Forced air ovens and furnaces such as those used in baking certain foods such as pizzas waste 90% or more of their heat input up the exhaust flue. Air is pulled in, heated, moved in a single pass over the product being baked, and exhausted immediately up the flue. The desirability of increasing the efficiency of these units has risen with the upward spiral of energy costs. Attempts have been made to conserve energy by recycling the heated air in multiple passes but this has required complicated and expensive machinery, and, when applied to pizza baking operations for example, have always resulted in a pizza product having degraded taste or texture.
In a typical pizza restaurant, the oven may be rated at a maximum of 70 kilowatts electrical power input. It will maintain a full oven baking temperature of 500.degree. F. with a constant average input of 33 kilowatts or 113,000 BTU per hour. About 5% is used in heating the room, 4% is absorbed by the product being baked, and about 91% is constantly lost up the stack. This is approximately 30 kilowatts or 102,400 BTU per hour lost, hour after hour, twelve hours a day.
That same, typical pizza restaurant is likely to have a 45 kilowatt electric water heater which will run approximately half the time with an average input of 23 kilowatts or 78,506 BTU per hour. Therefore, if only 77% of the waste heat going up the stack could be re-captured and used for water heating purposes, no primary energy would be needed.
Because of such substantial energy requirements just to generate the hot water needed in a pizza restaurant, if all or even a major part of the energy needed for hot water could be recovered from the stack, the cost saving would be astounding, amounting to many thousands of dollars per year in a single medium size restaurant operating only twelve hours per day.

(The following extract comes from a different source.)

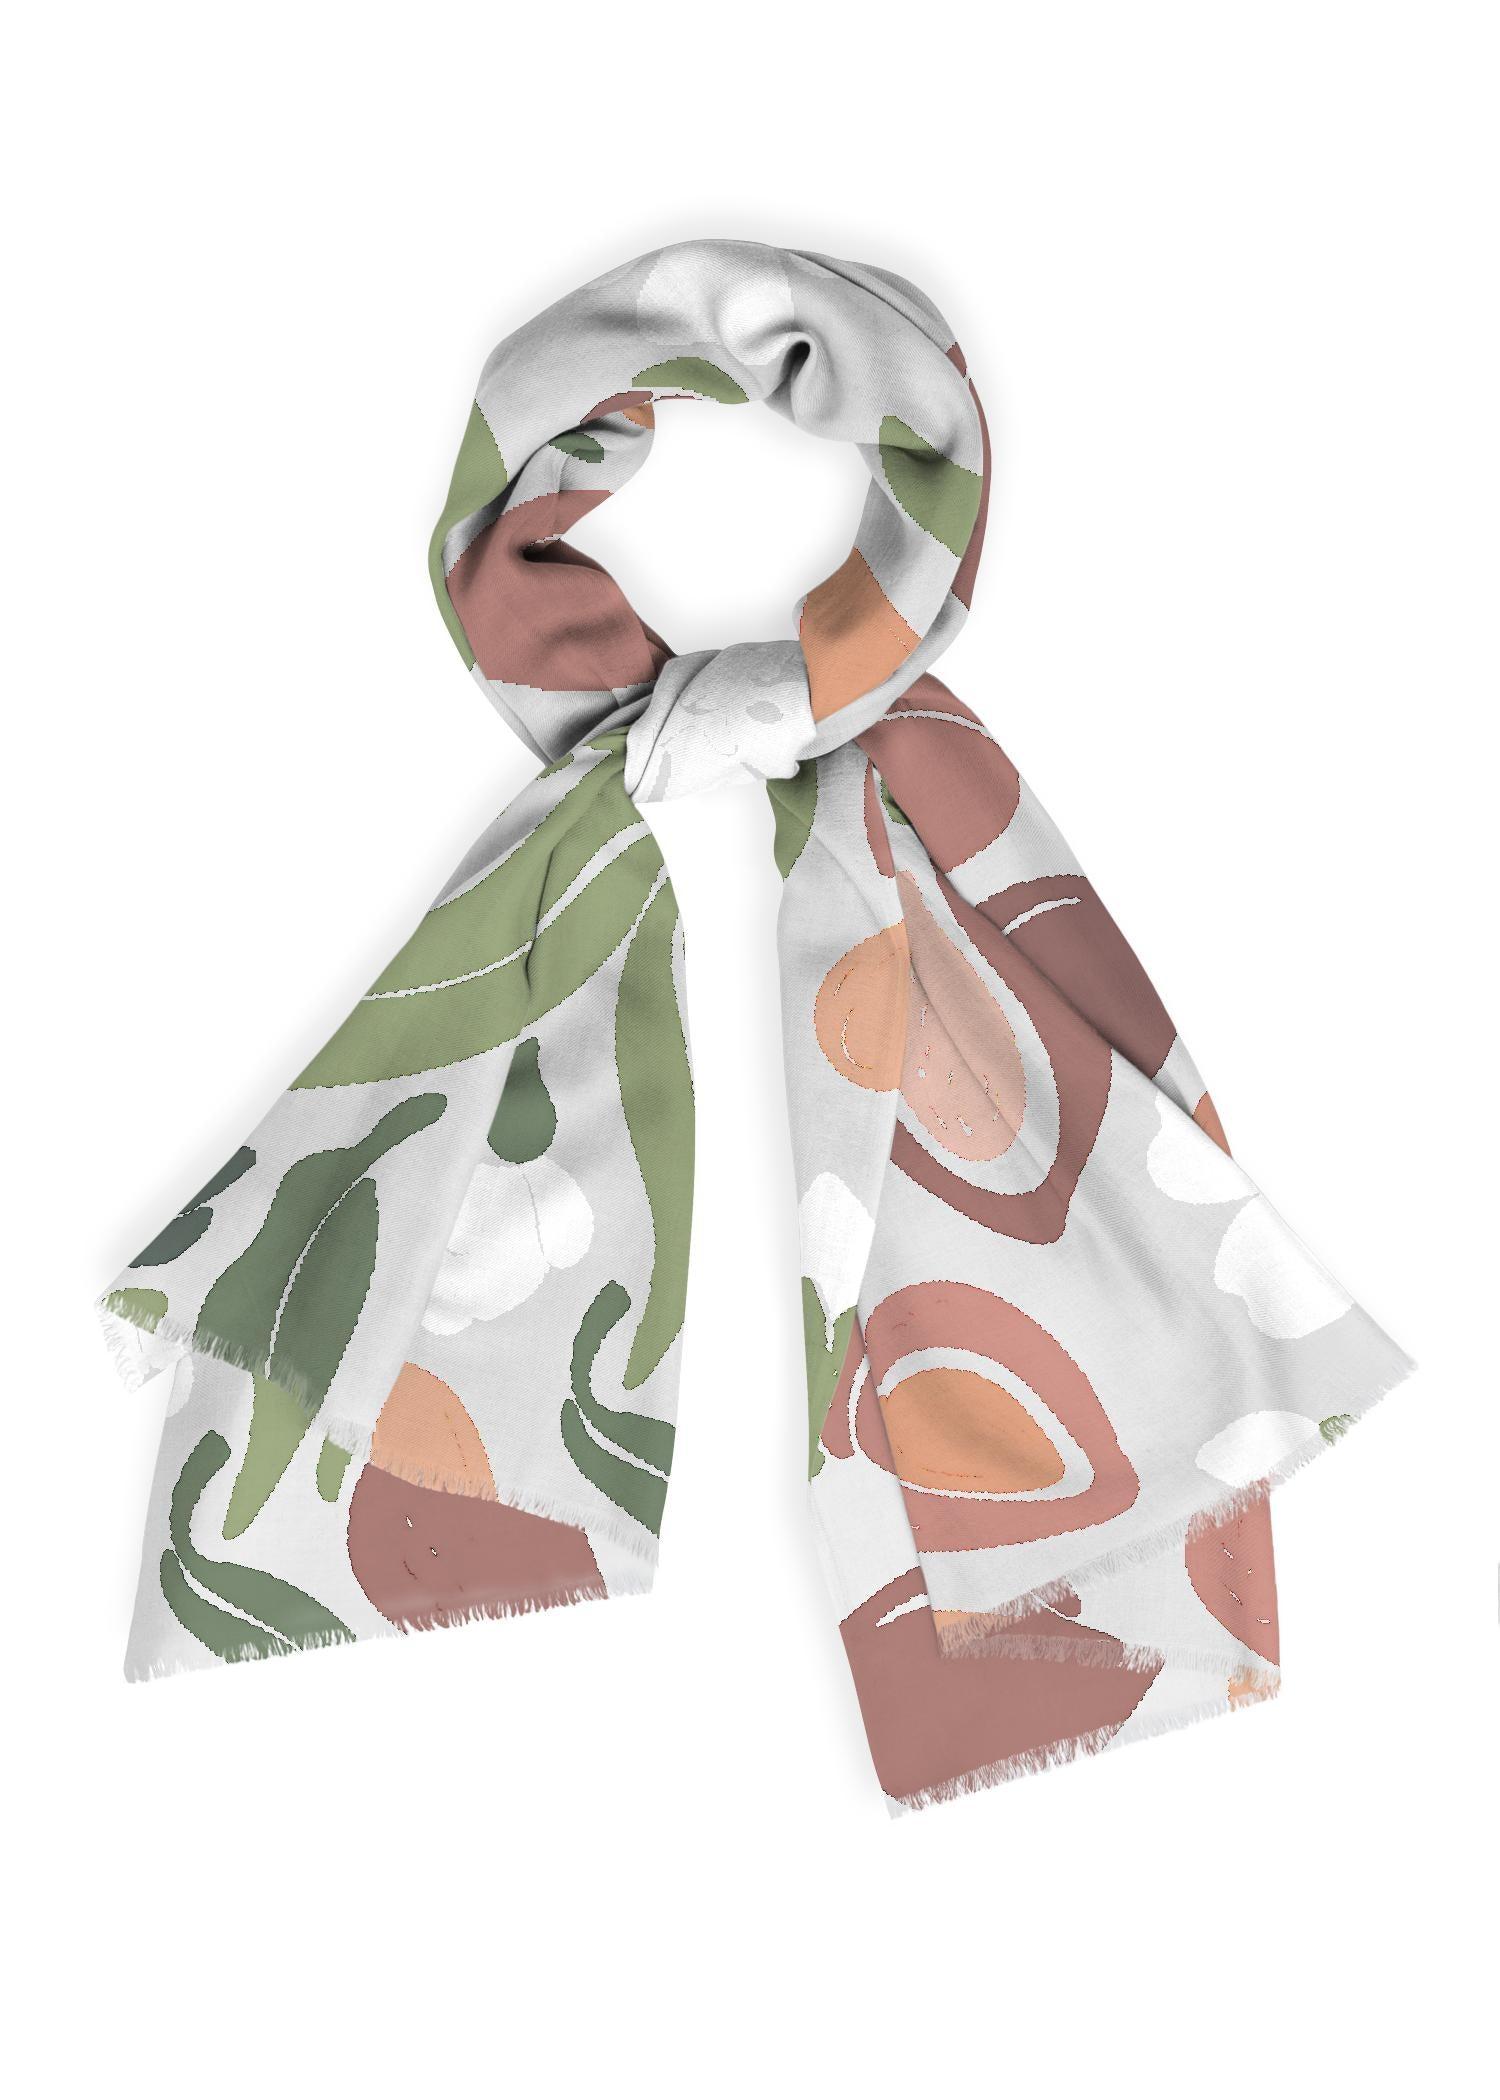 VIDA Cashmere Silk Scarf - Vintage Fashion Floral Ar in Brown/White by VIDA Original Artist  - Size: One Size

Users of electrical energy for ovens of this type are charged by the power generating utility in two ways: first, for the actual amount of power consumed; and, second, for the peak load capacity which the power company has to maintain. Thus, cost savings could result in excess of the actual energy savings, simply by lowering the peak KW demand.
It has long been recognized by people skilled in this field that utilizing the waste flue heat to produce hot water for cleaning, cooking, heating and general washroom and restaurant use would be the answer to recovering some of this wasted energy. A problem never solved prior to the present invention has been how to limit or stop heat transfer from a high capacity oven or furnace, to the water in which the recovered heat is being transferred, when the storage tank or tanks are at their maximum temperatures and no further temperature increase would be safe or desirable at that particular time.
As a practical matter, 160.degree. F. is the maximum temperature that water should be heated in a coil, and stored in a tank at ordinary domestic tap water pressures, without causing localized boiling and lime deposition. Since the flue gases are always at much higher temperatures than the boiling point of water, simply stopping the flow in the heat recovery coil could allow the water in the coil to rise to dangerous temperatures and pressures.
Prior art systems have attemped to solve this problem in various ways. Farris U.S. Pat. No. 4,211,187 allows the water to boil out of the heat recovery coil into a holding tank. Estabrook U.S. Pat. No. 3,999,709 dissipates the excess heat through a secondary coil when the holding tank is at its predetermined maximum temperature. Pemberton et al U.S. Pat. No. 4,066,210 simply stops the circulatory flow and does not address the problem of overheating in the coil tubes. Borovina et al U.S. Pat. No. 3,896,992 and DeBoer U.S. Pat. No. 4,136,731 both have systems designed for very low output home-type furnaces. These home-type furnace systems do not adequately solve the problem of overheating in the heat recovery coil tubes; they simply rely on a thermal siphon method of holding down temperature which is inadequate for a high output oven with flue temperatures reaching 600.degree.-700.degree. F. Each of these prior art systems fail the test of practicality because of inefficiency, complexity, tendency for lime to build up, or the possibility of overheating or overpressure leading to rupture of a tube or tank. For these reasons, none of the systems developed in the past are practical for use on a high capacity oven.
Accordingly, this situation is in need of improvement.